• INFORMATION SHOWN:

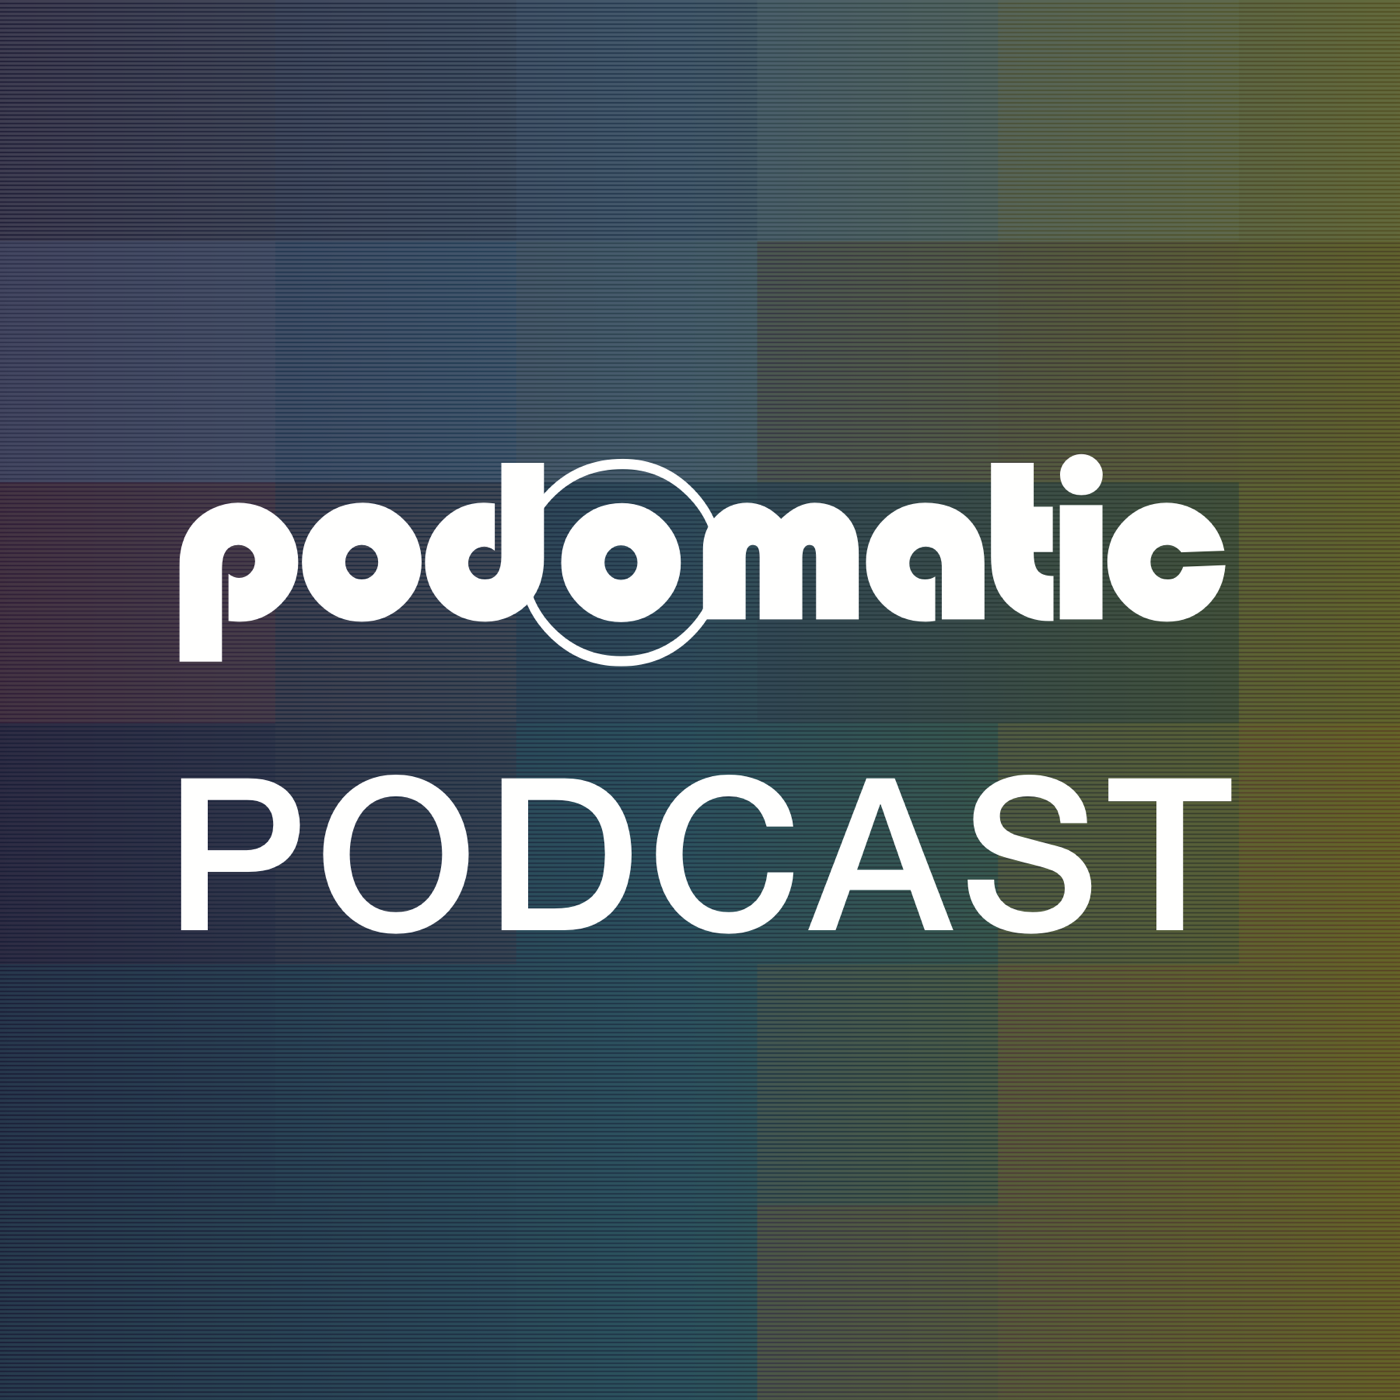 ETE567CSU's Podcast
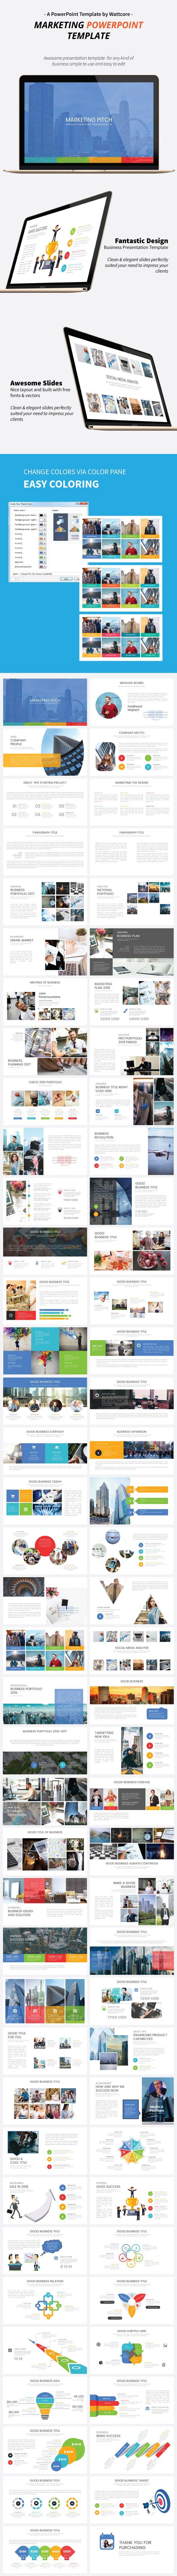 marketing pitch presentation fonts logos icons pinterest
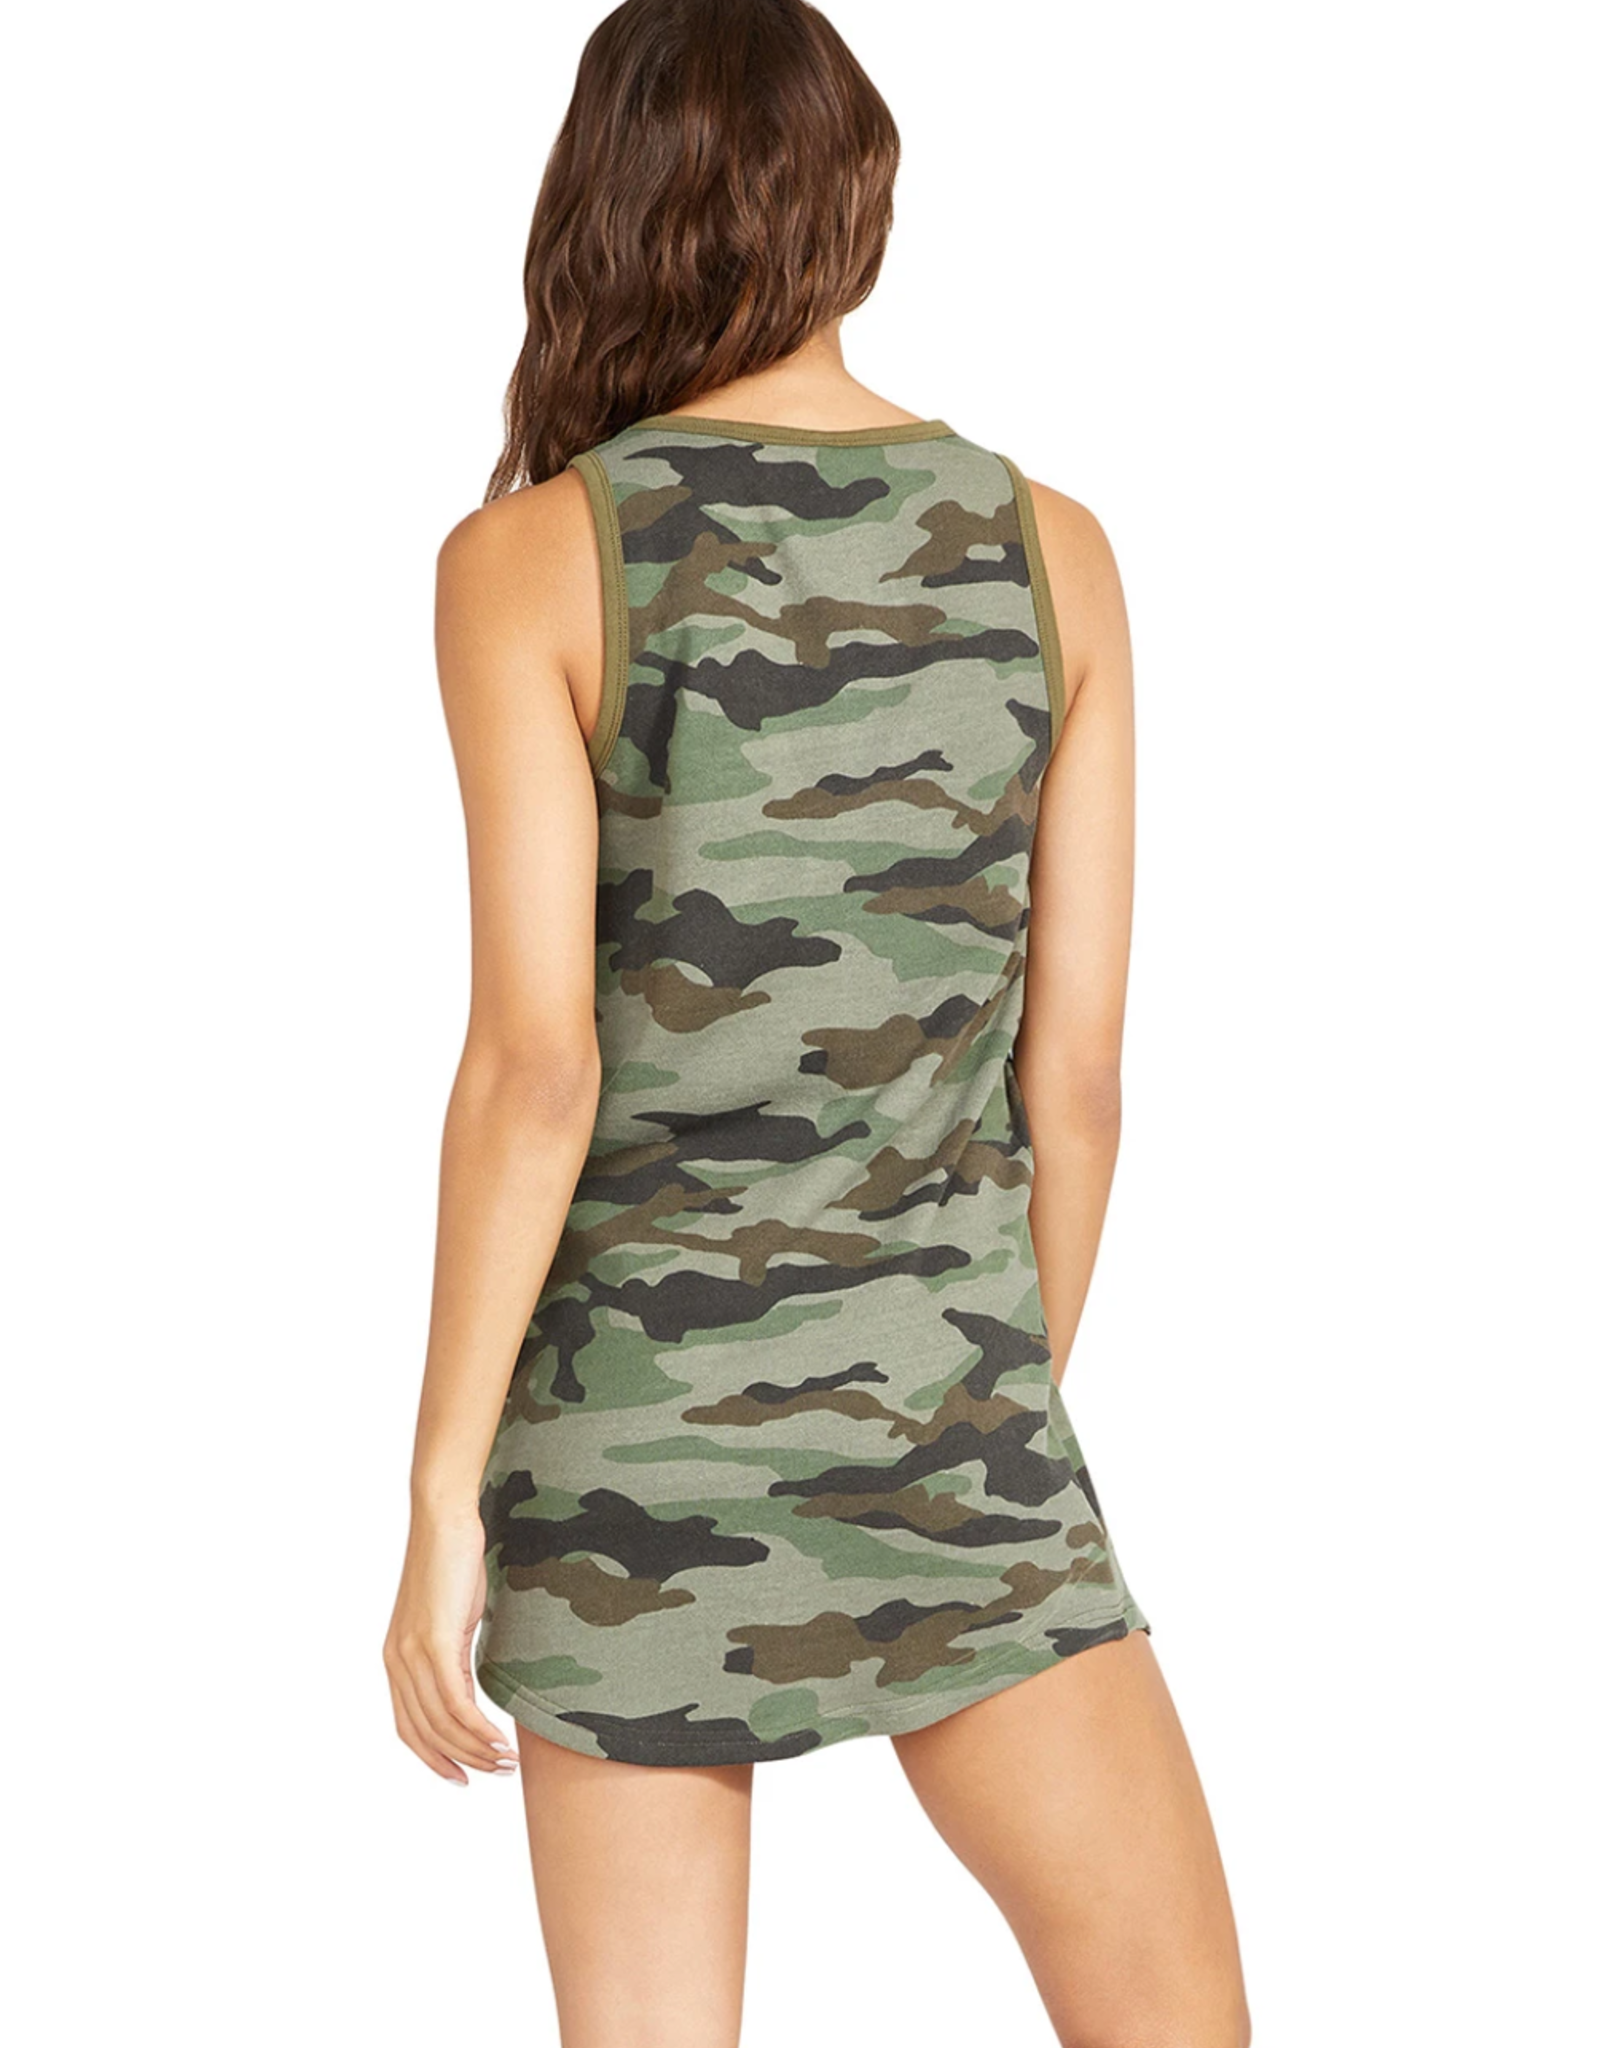 BB Dakota All Terrain Camo Dress

• PROMPT:
Return the full listing exactly as written, without any of its images.

• SOLVED PROBLEM:
 ETE567CSU's Podcast
 marketing pitch presentation fonts logos icons pinterest
 BB Dakota All Terrain Camo Dress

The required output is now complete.